Remember the research that proved that Kansas is indeed flatter than a pancake? Geographers Jerome Dobson and Joshua Campbell took exception to the methods used in that study, and indeed it is a case of comparing apples and oranges.
Still, the two things being compared came straight from the old adage.
Dobson and Campbell did their own research into the matter.
For
their study, The Flatness of U.S. States, the pair developed a measure
of human-scale perception of flatness by creating an algorithm that
approximated what a person of average height would see if they were
standing in a given spot and turning around in a circle, taking in 16
different views in a revolution.
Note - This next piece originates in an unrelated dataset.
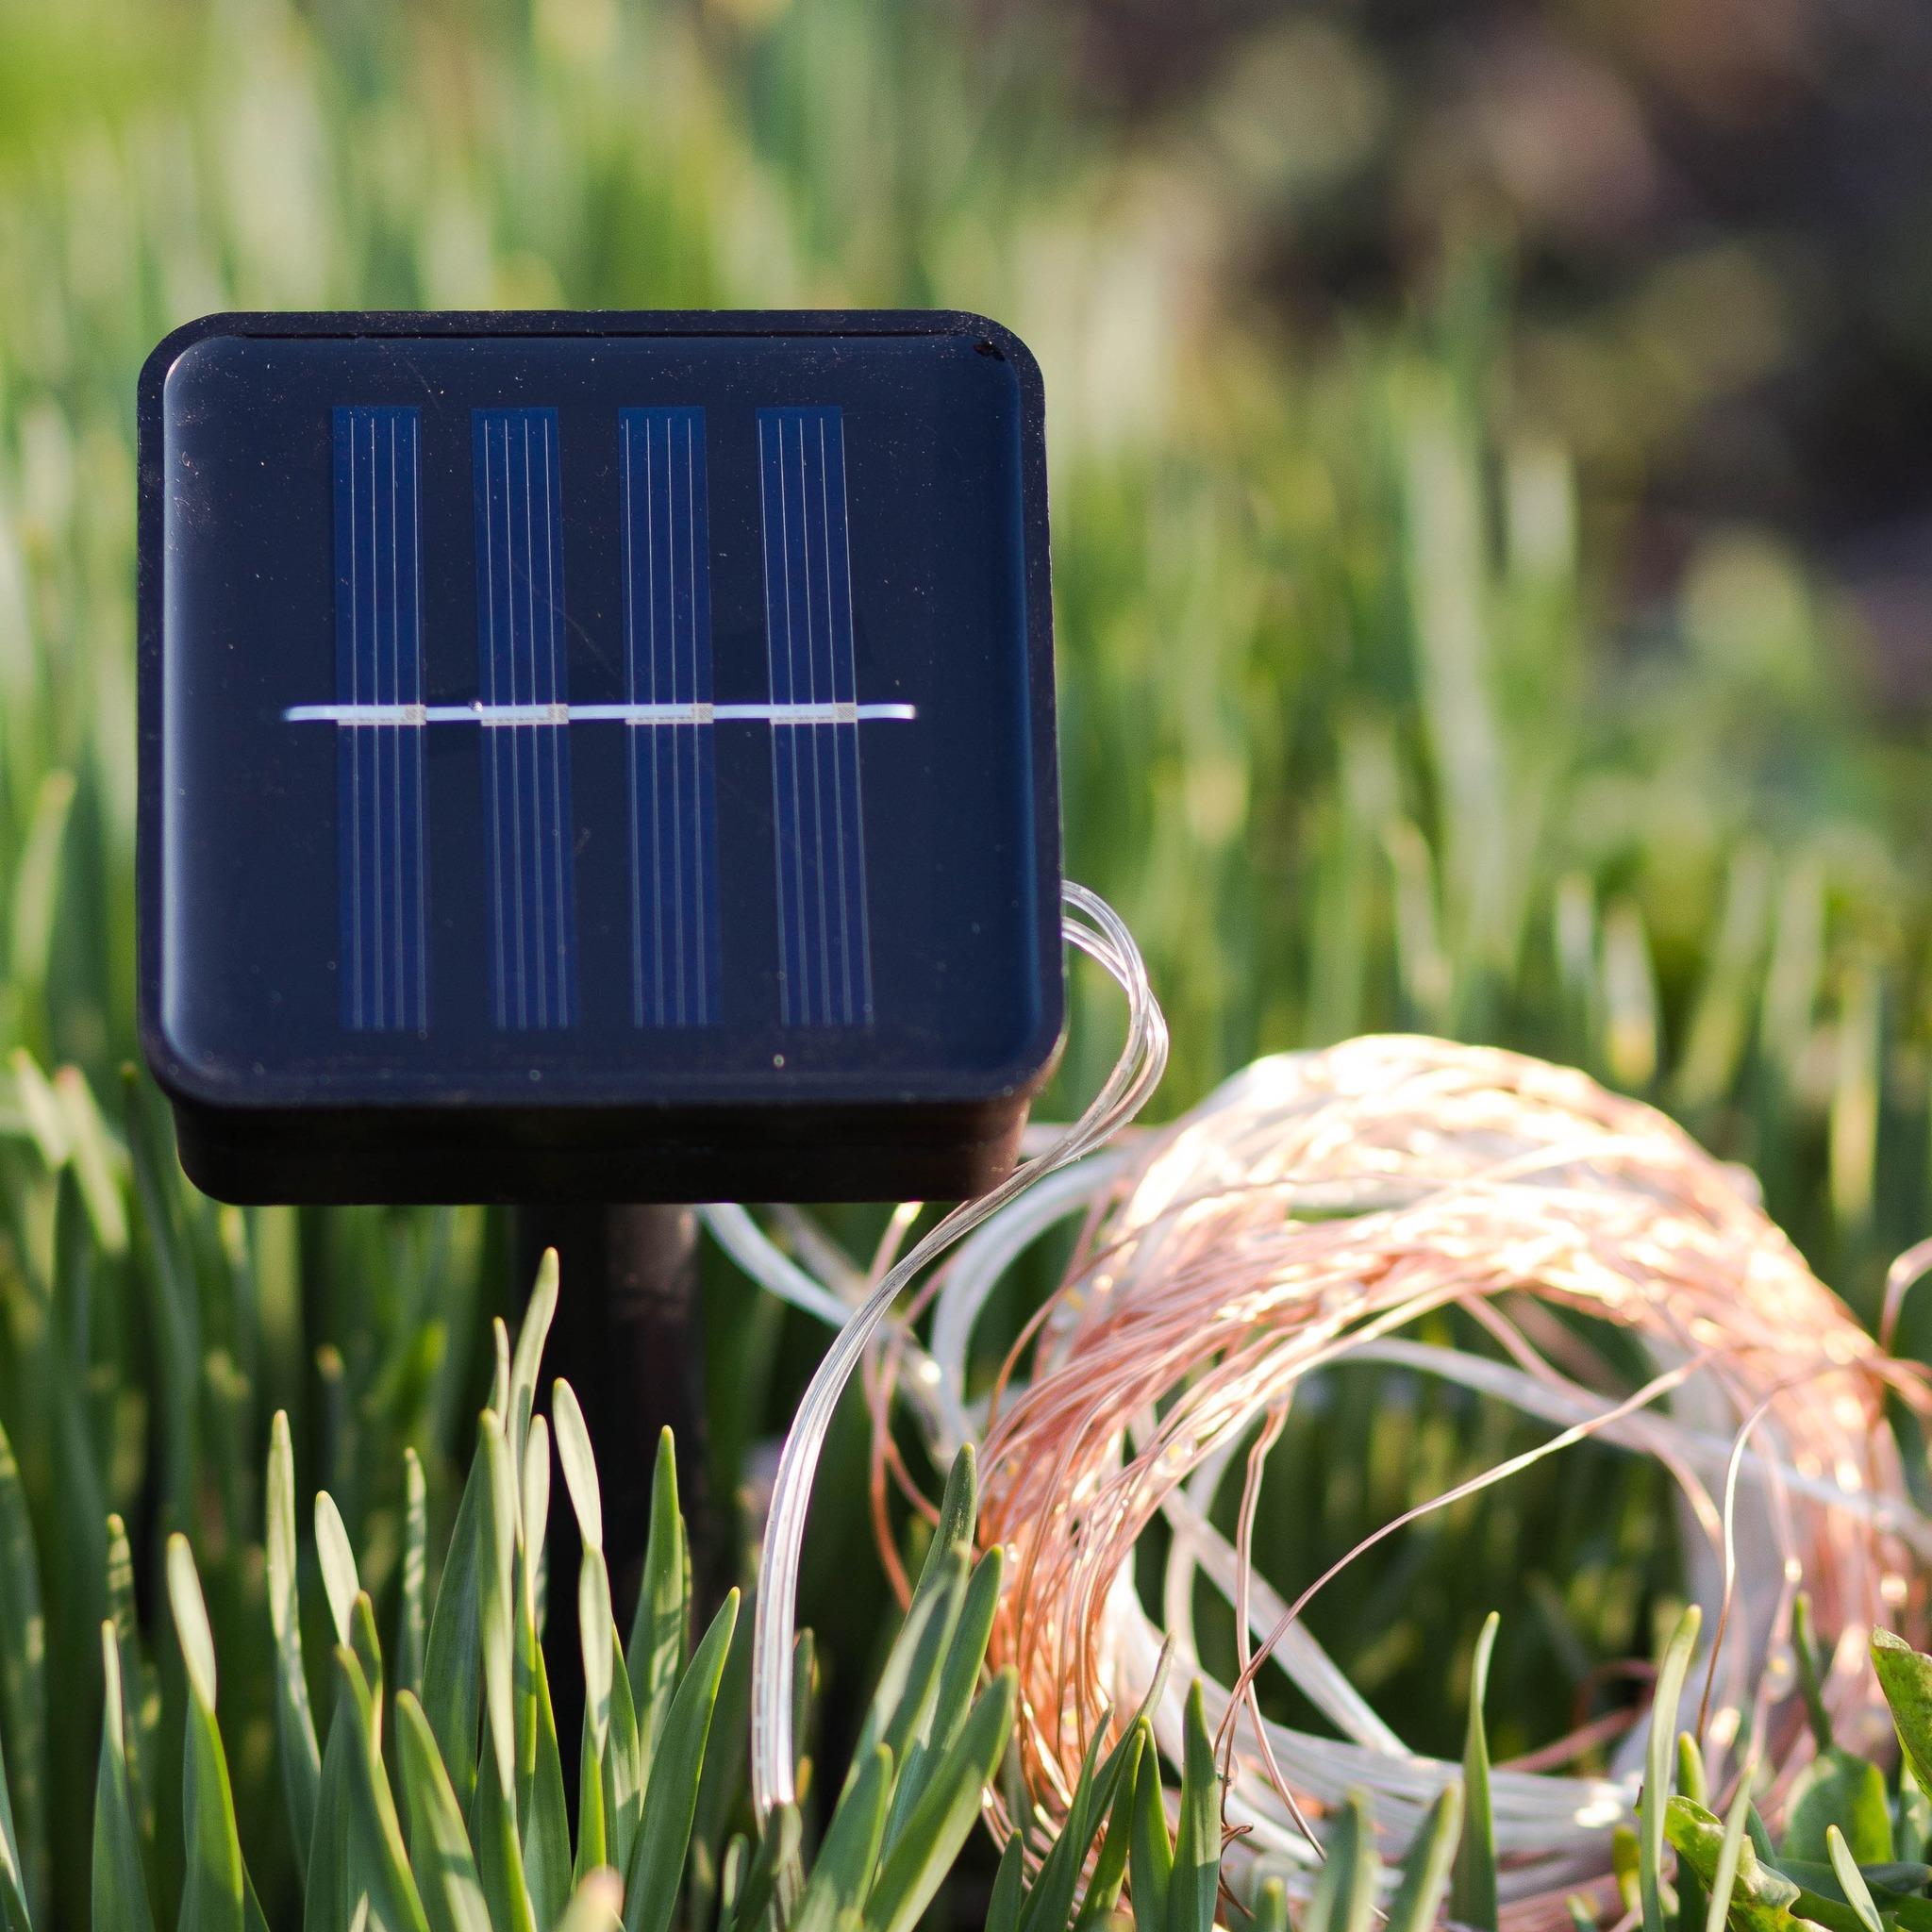 Гирлянда-нить на солнечной батарее EPECOLED разноцветная (10 метров, 100LED)
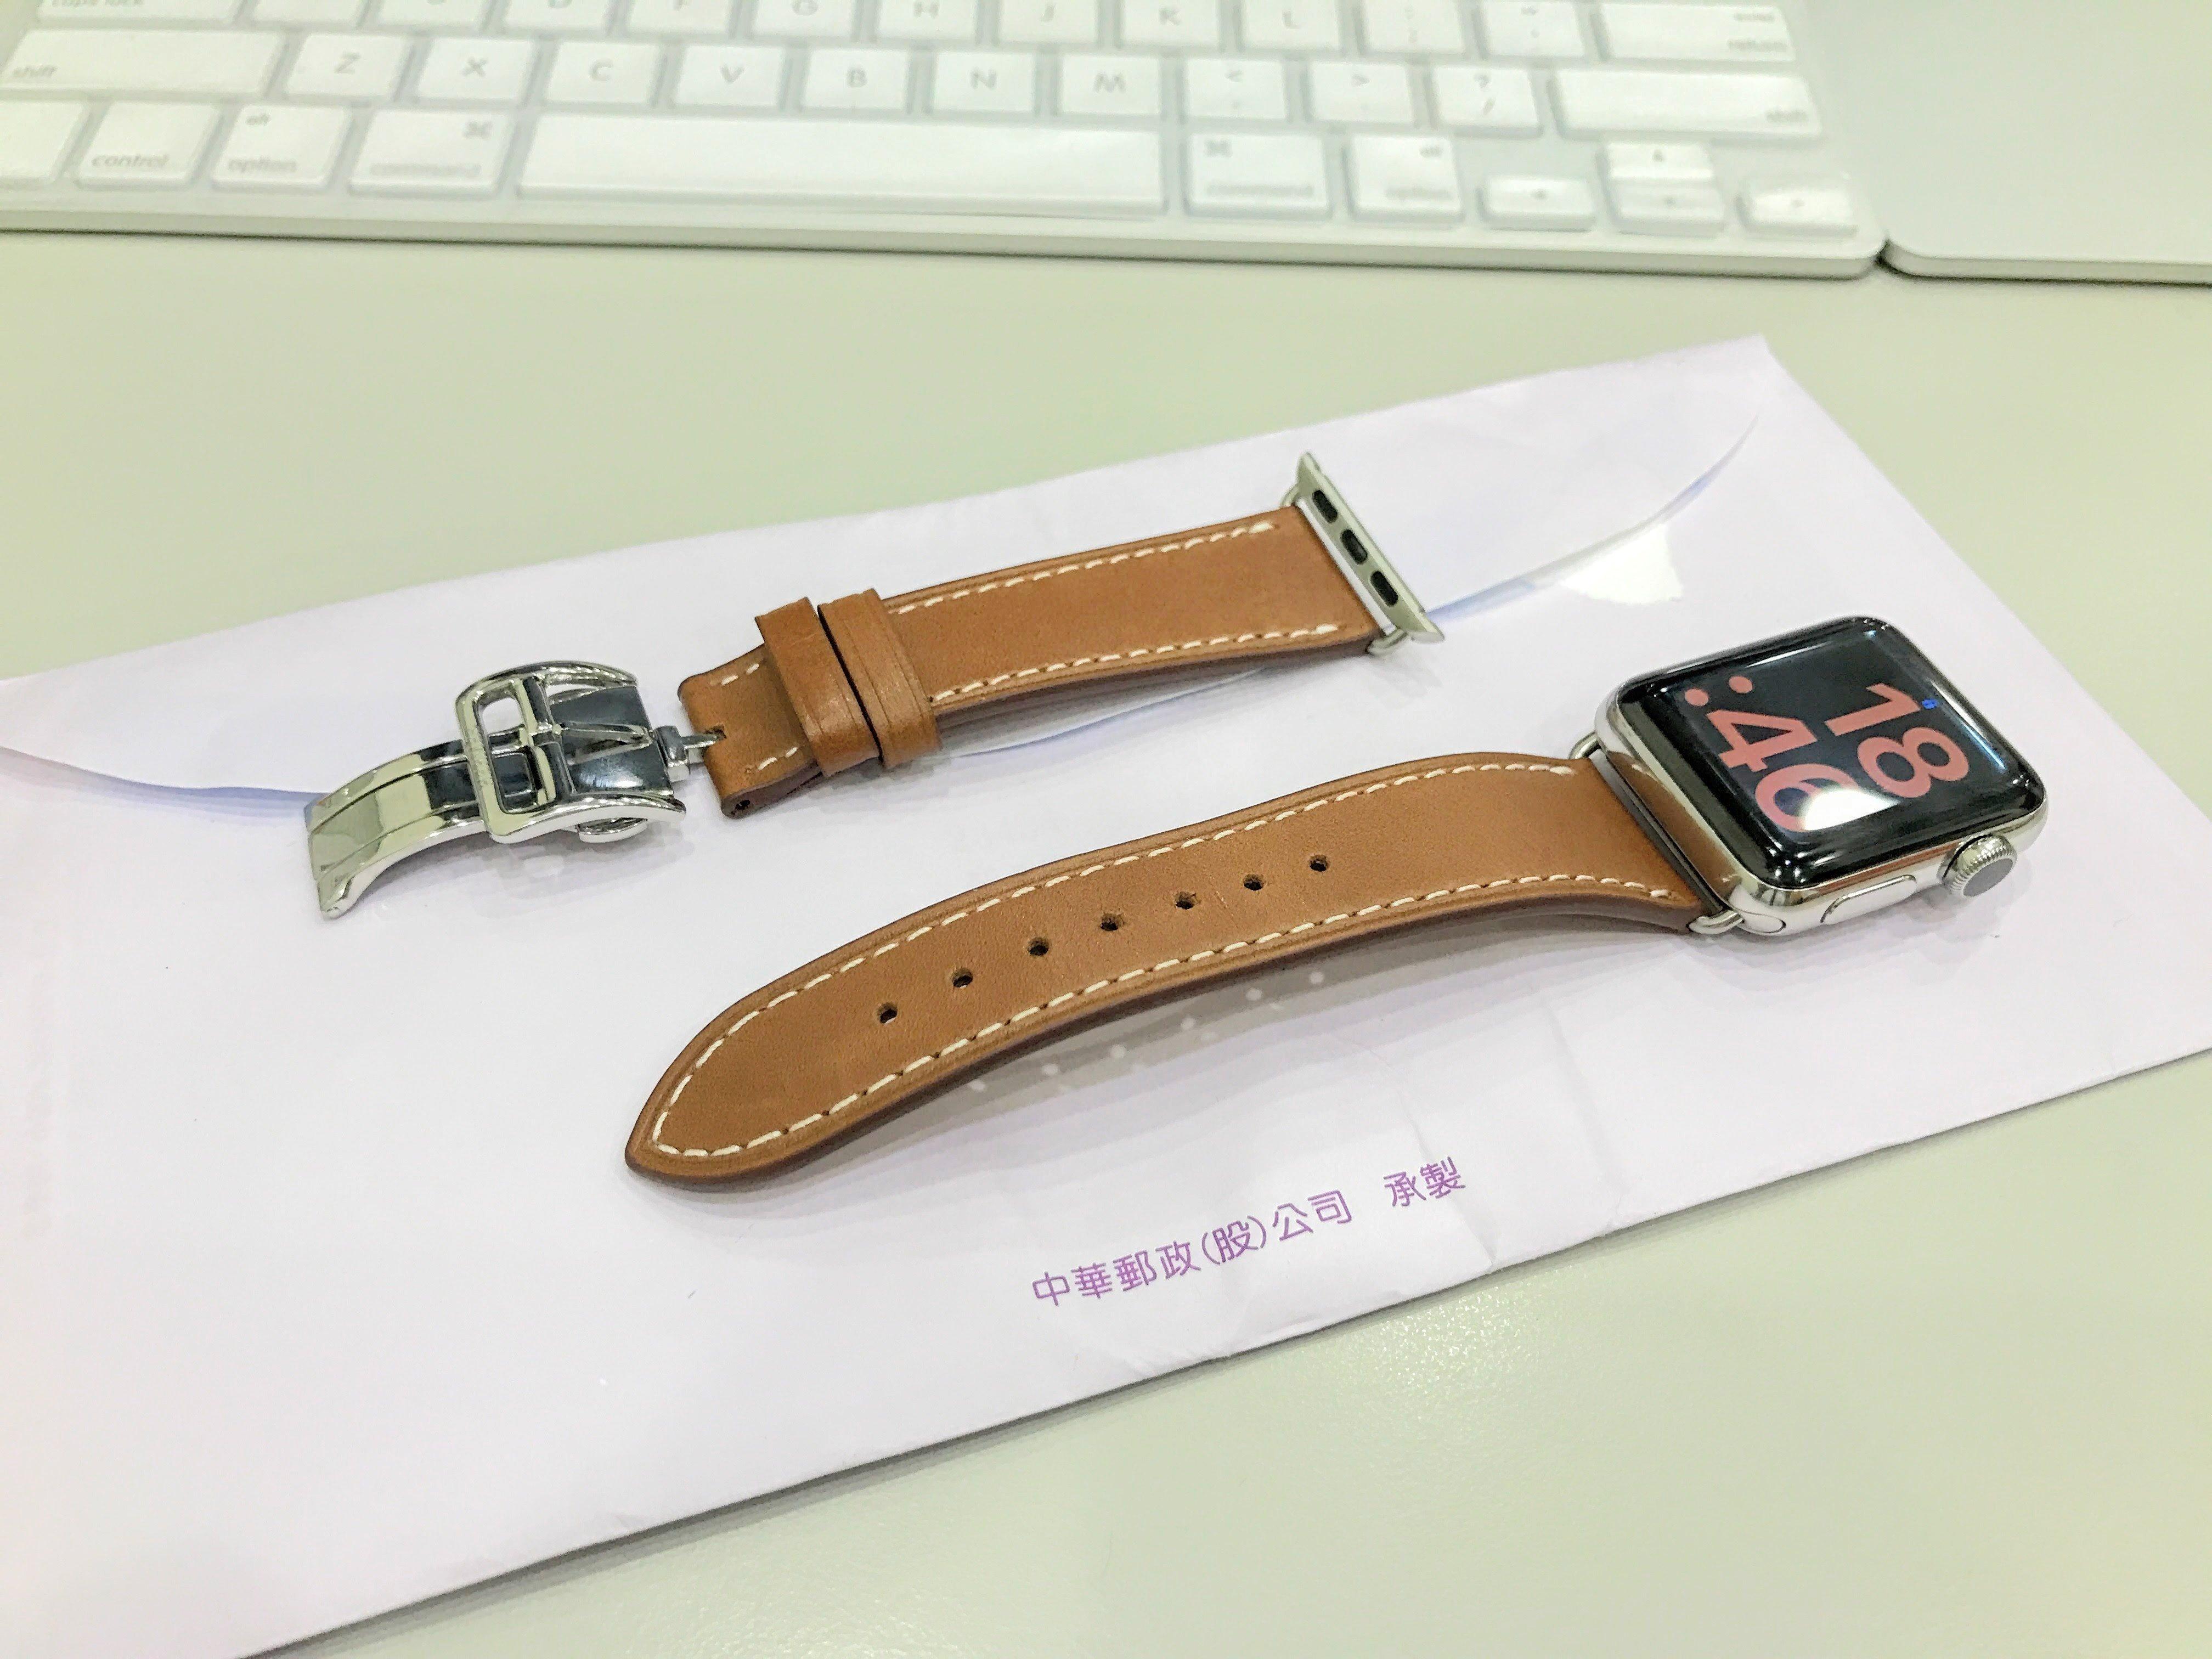 不鏽鋼 38mm apple watch 手作悠遊卡晶片錶帶 單買 22mm 折叠扣款 沛納海22mm替代

Then they took elevation data for the
country from NASA’s Shuttle Radar Topography Mission, divided the
contiguous U.S. (sorry, Alaska and Hawaii, but they already figured you
wouldn’t be the flattest) into 90-meter cells and ran the algorithm to
get a flatness score for each cell (calculated by the number of views in
the cell that appeared flat: 0-4 flat views was considered “not flat”;
5-8 flat views, flat; 9-12, flatter and 13-16, flattest). Each state was
then measured in terms of percentage of land that was not flat, flat,
flatter and flattest, and then ranked.
It turned out
that Kansas is not even in the top five the flattest states in the
States! Kansas actually came in seventh. Try to guess which state is
actually the flattest in the union before you learn
the answer at mental_floss.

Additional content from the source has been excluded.